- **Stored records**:
======

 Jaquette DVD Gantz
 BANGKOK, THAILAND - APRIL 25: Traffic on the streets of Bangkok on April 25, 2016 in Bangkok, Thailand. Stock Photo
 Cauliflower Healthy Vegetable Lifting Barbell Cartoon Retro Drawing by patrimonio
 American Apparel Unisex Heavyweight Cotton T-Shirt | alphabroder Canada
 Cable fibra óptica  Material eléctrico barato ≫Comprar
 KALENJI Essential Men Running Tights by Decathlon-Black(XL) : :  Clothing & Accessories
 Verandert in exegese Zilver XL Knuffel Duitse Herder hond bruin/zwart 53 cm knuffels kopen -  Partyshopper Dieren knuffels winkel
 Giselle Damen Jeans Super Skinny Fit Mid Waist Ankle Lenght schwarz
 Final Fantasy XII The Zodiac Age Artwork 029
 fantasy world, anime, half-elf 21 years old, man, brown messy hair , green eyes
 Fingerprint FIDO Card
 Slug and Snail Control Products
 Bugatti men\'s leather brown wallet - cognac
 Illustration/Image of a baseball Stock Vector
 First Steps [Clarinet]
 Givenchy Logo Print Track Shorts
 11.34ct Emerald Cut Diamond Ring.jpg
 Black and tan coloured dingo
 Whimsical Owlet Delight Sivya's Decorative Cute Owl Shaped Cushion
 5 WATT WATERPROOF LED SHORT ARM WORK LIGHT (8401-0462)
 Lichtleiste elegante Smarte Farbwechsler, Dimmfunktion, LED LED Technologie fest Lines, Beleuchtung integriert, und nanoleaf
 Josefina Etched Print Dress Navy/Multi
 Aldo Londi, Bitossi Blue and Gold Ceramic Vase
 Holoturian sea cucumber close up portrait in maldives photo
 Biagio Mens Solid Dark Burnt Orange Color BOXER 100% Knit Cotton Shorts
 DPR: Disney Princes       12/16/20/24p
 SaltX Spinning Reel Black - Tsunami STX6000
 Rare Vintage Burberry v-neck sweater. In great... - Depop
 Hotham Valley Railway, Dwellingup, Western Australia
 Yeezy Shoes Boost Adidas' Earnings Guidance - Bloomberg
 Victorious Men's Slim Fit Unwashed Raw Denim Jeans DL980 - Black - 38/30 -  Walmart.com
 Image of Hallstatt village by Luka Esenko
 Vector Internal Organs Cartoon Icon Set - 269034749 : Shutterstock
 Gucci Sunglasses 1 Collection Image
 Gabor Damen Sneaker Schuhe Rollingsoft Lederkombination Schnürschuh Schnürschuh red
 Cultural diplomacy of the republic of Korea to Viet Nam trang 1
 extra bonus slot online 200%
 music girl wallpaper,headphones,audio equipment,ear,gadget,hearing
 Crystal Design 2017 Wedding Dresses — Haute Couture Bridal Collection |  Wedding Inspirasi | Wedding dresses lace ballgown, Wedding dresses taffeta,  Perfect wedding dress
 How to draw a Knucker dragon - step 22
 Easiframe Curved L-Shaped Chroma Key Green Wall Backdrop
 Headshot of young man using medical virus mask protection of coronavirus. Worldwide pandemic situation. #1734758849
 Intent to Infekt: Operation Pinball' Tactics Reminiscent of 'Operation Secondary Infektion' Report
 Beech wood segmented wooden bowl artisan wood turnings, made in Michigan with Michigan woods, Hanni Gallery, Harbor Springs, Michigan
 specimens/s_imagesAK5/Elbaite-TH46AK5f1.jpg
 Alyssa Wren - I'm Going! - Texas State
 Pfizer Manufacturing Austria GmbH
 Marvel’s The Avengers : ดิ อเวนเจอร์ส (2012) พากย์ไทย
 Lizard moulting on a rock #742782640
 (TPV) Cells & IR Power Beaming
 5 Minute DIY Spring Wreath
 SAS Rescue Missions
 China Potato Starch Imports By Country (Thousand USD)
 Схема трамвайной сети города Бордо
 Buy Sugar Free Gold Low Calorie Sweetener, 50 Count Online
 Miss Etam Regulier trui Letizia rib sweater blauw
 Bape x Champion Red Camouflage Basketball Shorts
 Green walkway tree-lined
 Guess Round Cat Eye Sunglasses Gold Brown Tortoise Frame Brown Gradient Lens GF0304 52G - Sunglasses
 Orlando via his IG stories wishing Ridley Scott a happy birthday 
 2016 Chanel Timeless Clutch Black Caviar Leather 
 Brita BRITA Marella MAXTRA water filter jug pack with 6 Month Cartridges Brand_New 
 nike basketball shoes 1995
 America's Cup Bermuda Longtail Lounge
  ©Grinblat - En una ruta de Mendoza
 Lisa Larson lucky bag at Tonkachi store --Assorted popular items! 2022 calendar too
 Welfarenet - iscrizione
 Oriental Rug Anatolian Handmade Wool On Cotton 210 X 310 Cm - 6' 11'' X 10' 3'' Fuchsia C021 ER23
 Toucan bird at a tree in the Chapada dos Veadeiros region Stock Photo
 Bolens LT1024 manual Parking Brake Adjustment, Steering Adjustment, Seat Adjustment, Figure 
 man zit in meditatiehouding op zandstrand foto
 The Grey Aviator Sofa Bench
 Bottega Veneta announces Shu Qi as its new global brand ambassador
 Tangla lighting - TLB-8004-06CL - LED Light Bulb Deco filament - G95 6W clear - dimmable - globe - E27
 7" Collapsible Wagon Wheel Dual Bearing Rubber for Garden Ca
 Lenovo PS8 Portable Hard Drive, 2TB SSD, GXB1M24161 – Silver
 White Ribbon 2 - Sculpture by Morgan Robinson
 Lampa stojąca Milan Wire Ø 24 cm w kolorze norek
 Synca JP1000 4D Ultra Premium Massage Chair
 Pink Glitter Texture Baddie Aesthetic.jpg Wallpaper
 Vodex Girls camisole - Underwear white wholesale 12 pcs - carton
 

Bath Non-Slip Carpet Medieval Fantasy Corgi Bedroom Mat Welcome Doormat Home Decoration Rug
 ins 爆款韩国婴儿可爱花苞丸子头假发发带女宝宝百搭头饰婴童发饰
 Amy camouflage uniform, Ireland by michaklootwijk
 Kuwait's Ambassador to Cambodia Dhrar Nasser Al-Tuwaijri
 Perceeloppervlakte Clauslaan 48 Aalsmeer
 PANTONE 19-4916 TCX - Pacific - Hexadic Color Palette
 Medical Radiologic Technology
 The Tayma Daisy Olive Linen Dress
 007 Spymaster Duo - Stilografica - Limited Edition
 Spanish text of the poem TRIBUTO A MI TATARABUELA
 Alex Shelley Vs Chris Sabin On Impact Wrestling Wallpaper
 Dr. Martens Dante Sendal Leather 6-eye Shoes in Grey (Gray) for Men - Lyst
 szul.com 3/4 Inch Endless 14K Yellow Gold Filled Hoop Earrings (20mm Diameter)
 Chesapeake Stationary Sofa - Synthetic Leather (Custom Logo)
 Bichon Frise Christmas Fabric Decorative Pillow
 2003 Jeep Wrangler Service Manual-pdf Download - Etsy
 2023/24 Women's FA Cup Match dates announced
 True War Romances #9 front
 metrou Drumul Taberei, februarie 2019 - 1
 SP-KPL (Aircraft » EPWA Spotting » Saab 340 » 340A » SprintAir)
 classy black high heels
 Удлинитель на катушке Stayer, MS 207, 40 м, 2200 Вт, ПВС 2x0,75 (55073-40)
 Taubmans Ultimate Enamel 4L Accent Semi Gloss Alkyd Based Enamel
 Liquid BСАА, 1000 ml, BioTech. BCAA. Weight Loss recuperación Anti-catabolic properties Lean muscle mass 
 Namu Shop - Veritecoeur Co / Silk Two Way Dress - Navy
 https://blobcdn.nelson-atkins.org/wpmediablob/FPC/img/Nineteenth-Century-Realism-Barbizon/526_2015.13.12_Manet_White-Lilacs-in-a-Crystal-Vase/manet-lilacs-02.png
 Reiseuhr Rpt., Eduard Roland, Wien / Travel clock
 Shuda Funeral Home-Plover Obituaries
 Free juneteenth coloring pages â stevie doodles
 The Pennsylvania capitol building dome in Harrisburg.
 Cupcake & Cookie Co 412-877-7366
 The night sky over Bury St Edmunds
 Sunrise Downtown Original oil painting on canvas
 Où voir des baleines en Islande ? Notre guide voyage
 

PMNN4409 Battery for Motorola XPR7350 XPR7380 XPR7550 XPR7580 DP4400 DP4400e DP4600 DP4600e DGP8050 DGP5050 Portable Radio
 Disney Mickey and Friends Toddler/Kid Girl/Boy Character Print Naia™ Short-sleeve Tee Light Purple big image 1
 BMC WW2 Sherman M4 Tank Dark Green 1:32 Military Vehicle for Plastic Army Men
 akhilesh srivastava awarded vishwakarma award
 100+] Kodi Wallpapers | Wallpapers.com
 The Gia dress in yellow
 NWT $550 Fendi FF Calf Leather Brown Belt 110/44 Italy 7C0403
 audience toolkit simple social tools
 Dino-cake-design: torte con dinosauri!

======

- **WHAT YOU ARE ASKED TO DO**:
Take the line that contains "Shuda Funeral Home-Plover Obituaries" and every line after it to the end of the entries above, and reproduce them exactly.

- **TASK RESPONSE**:
 Shuda Funeral Home-Plover Obituaries
 Free juneteenth coloring pages â stevie doodles
 The Pennsylvania capitol building dome in Harrisburg.
 Cupcake & Cookie Co 412-877-7366
 The night sky over Bury St Edmunds
 Sunrise Downtown Original oil painting on canvas
 Où voir des baleines en Islande ? Notre guide voyage
 

PMNN4409 Battery for Motorola XPR7350 XPR7380 XPR7550 XPR7580 DP4400 DP4400e DP4600 DP4600e DGP8050 DGP5050 Portable Radio
 Disney Mickey and Friends Toddler/Kid Girl/Boy Character Print Naia™ Short-sleeve Tee Light Purple big image 1
 BMC WW2 Sherman M4 Tank Dark Green 1:32 Military Vehicle for Plastic Army Men
 akhilesh srivastava awarded vishwakarma award
 100+] Kodi Wallpapers | Wallpapers.com
 The Gia dress in yellow
 NWT $550 Fendi FF Calf Leather Brown Belt 110/44 Italy 7C0403
 audience toolkit simple social tools
 Dino-cake-design: torte con dinosauri!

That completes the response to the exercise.